**DATA TO EXAMINE**
>>>

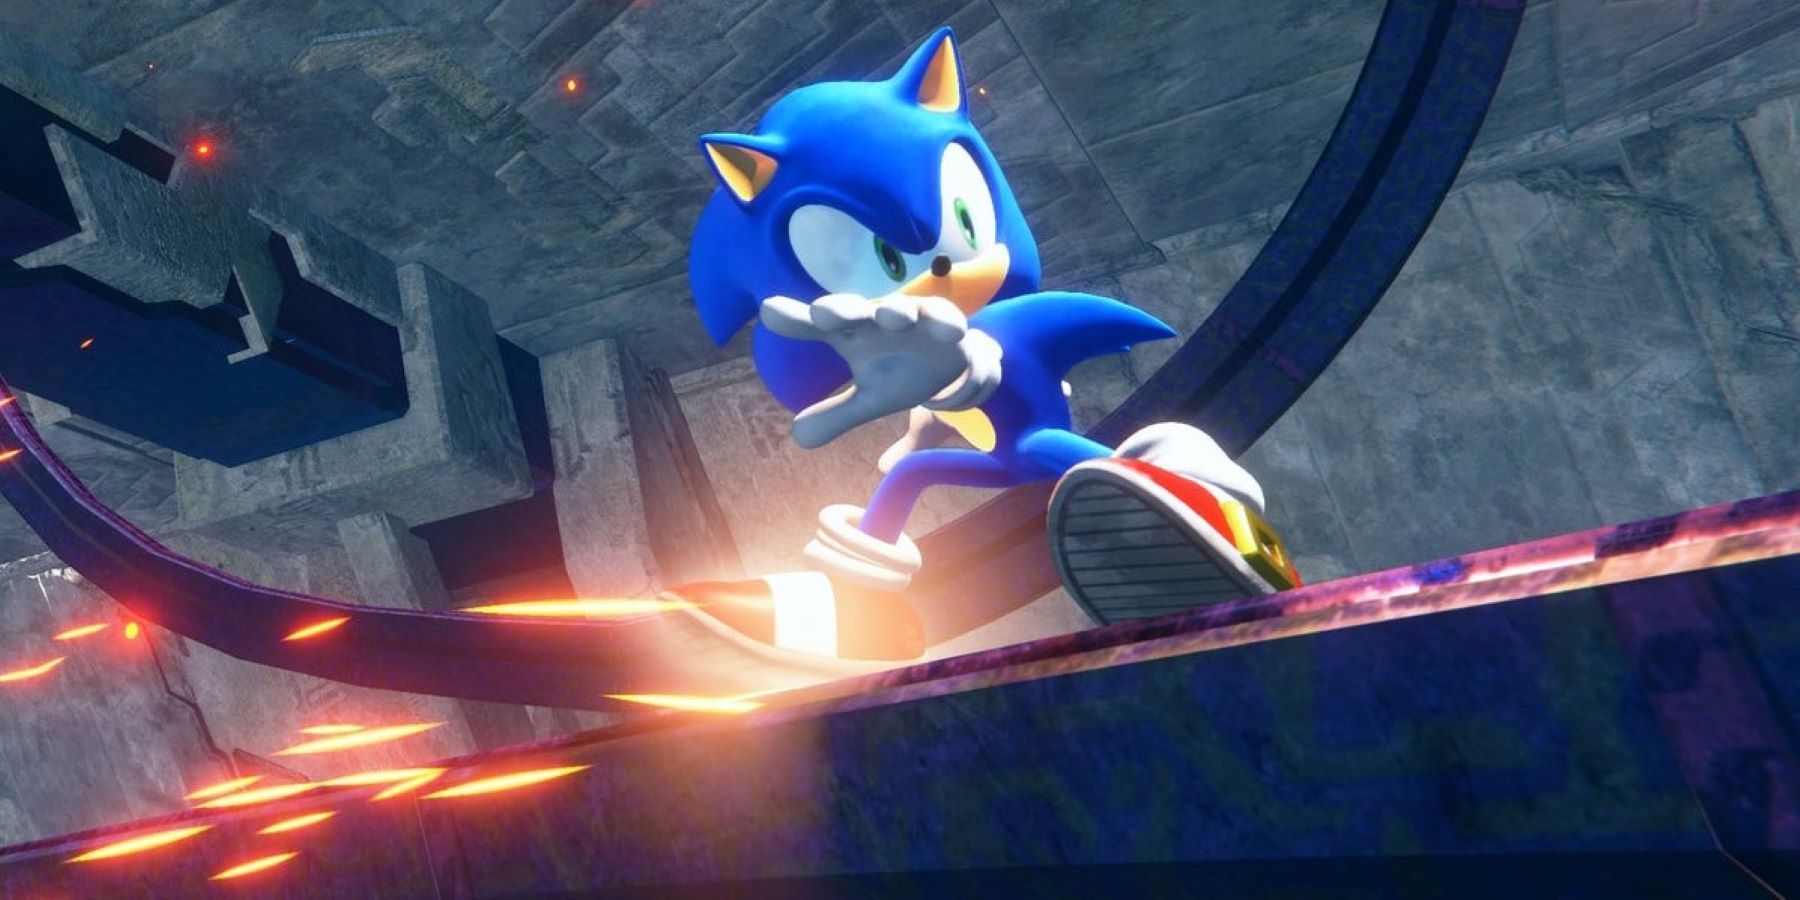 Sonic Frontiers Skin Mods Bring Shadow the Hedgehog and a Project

<<<
>>>

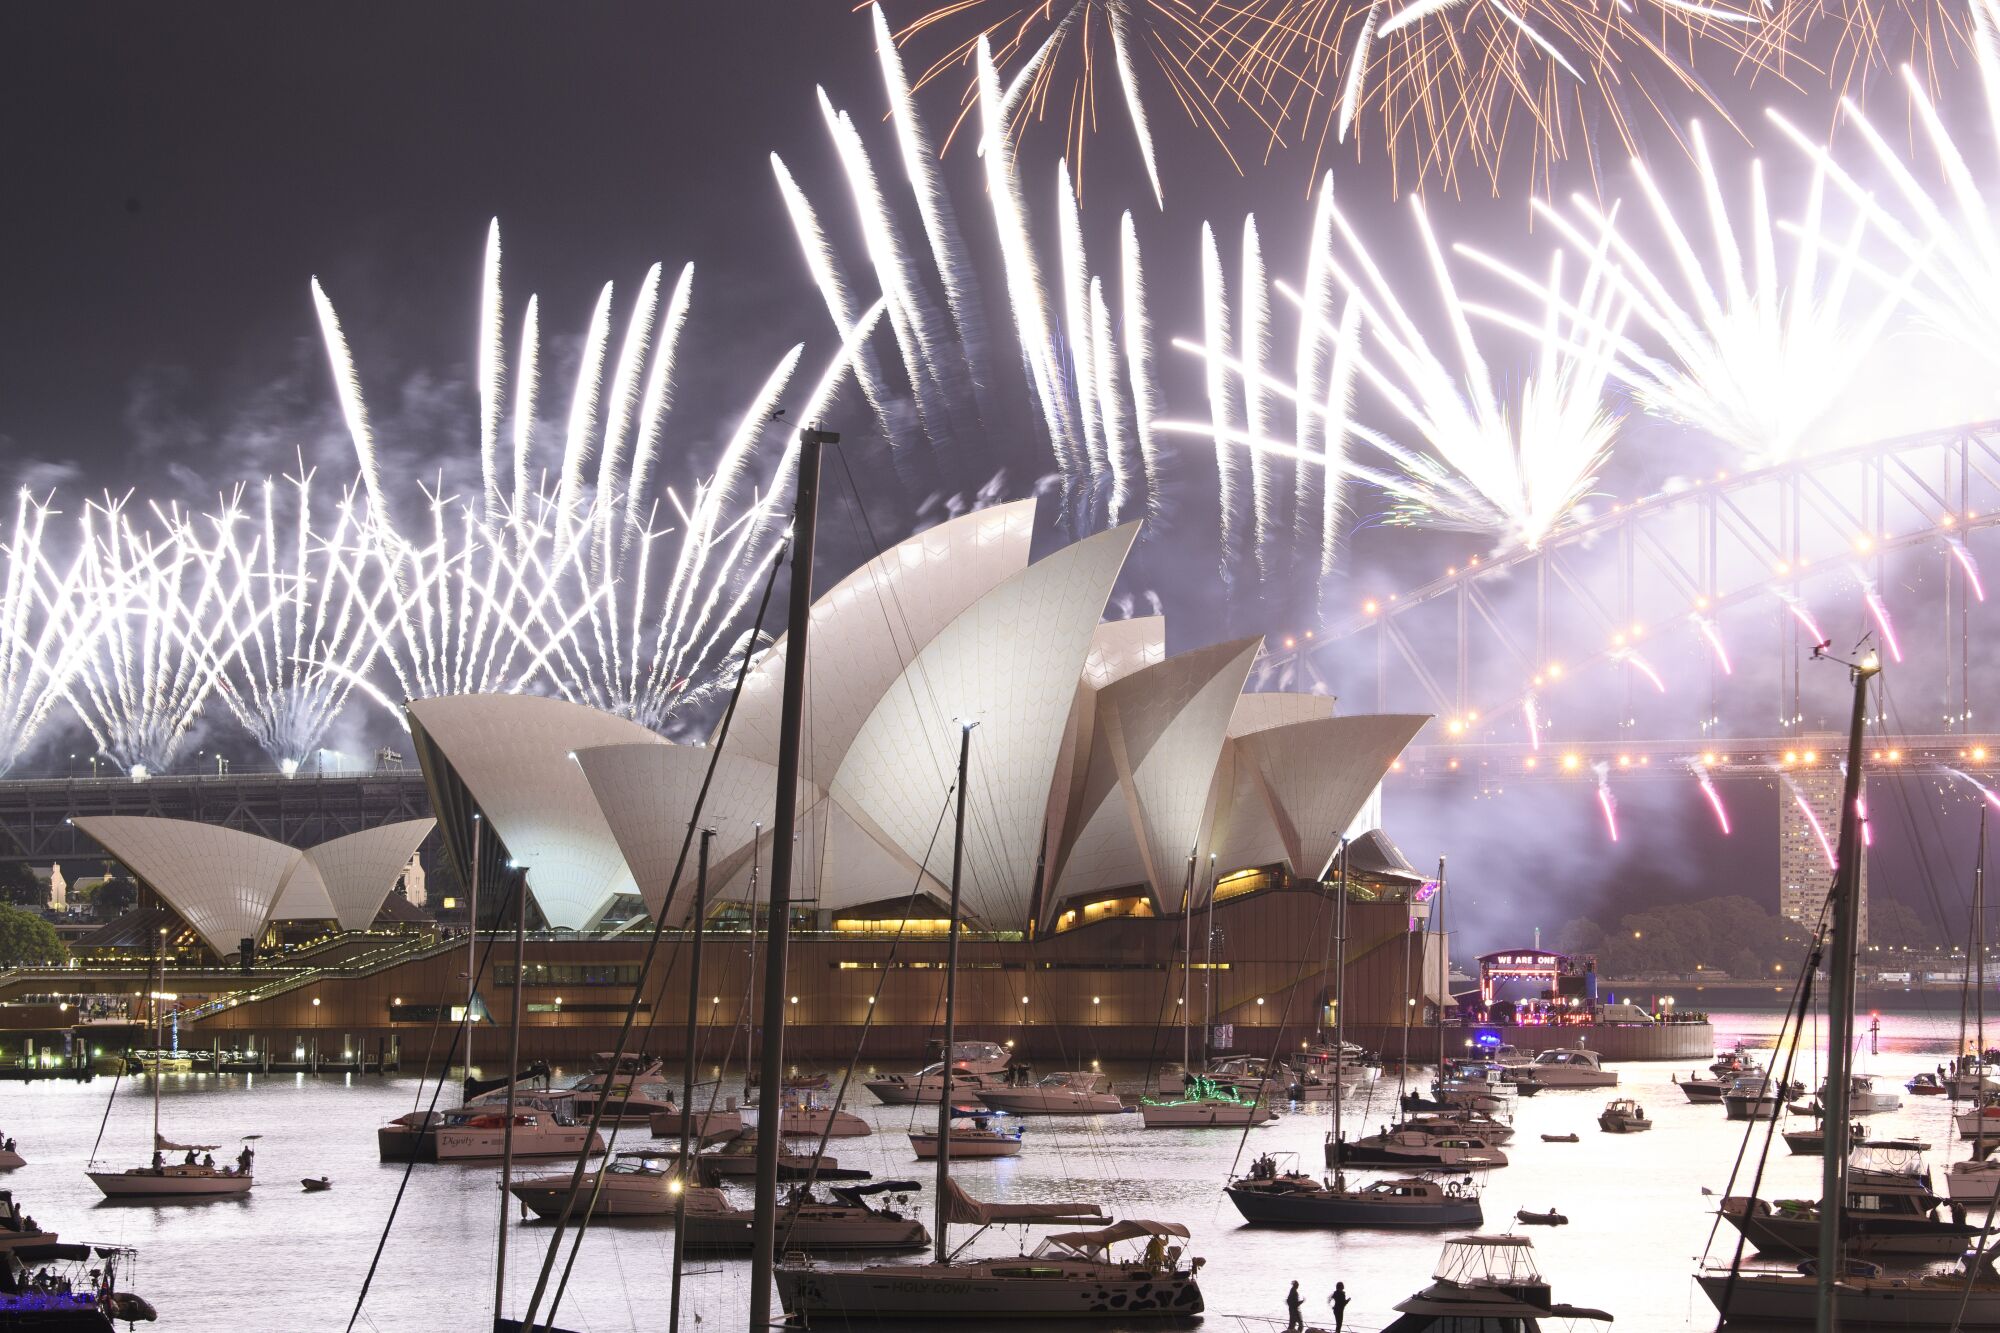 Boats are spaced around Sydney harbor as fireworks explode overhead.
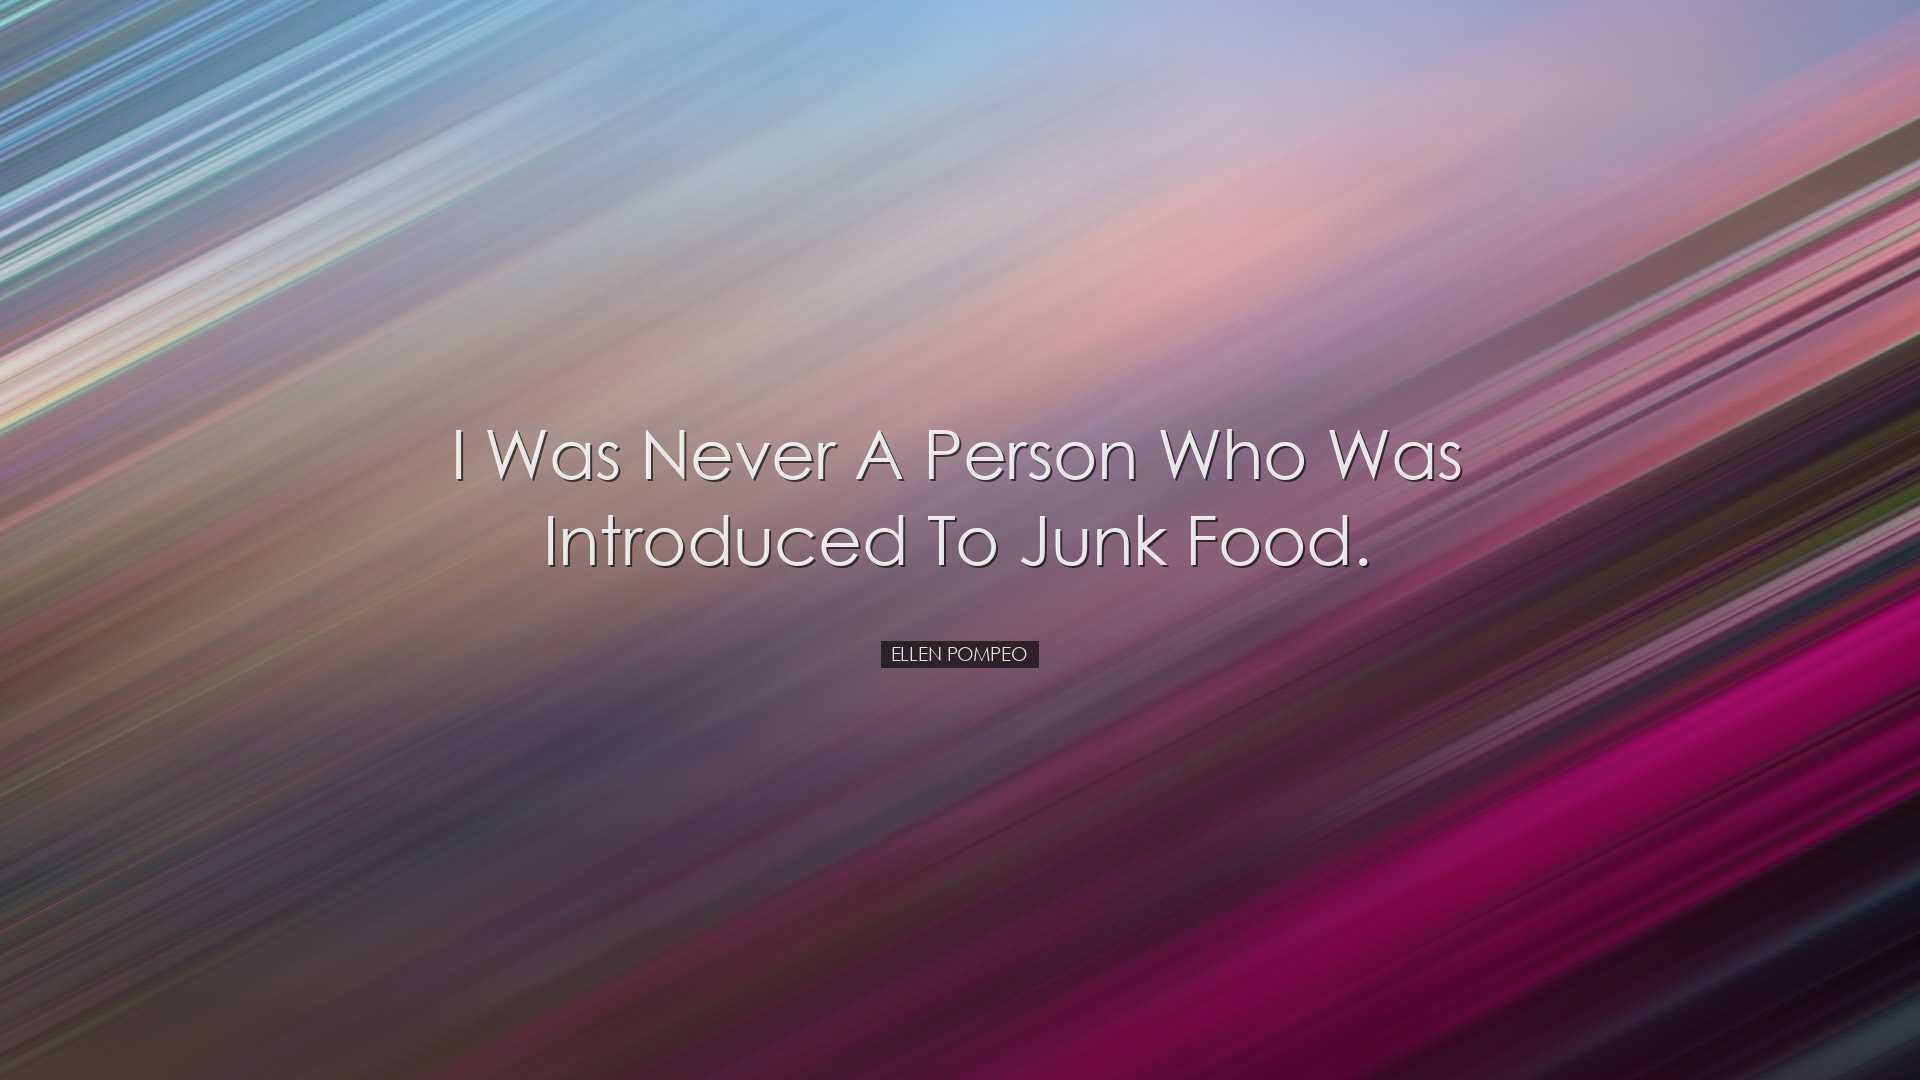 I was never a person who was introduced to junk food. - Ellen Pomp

<<<

**TASK TO COMPLETE**
Write out word for word the lines above that run from the one with "Boats are spaced" to the one with "I was never". Include both end lines; exclude the images.

**WRITTEN ANSWER**
 Boats are spaced around Sydney harbor as fireworks explode overhead.
 I was never a person who was introduced to junk food. - Ellen Pomp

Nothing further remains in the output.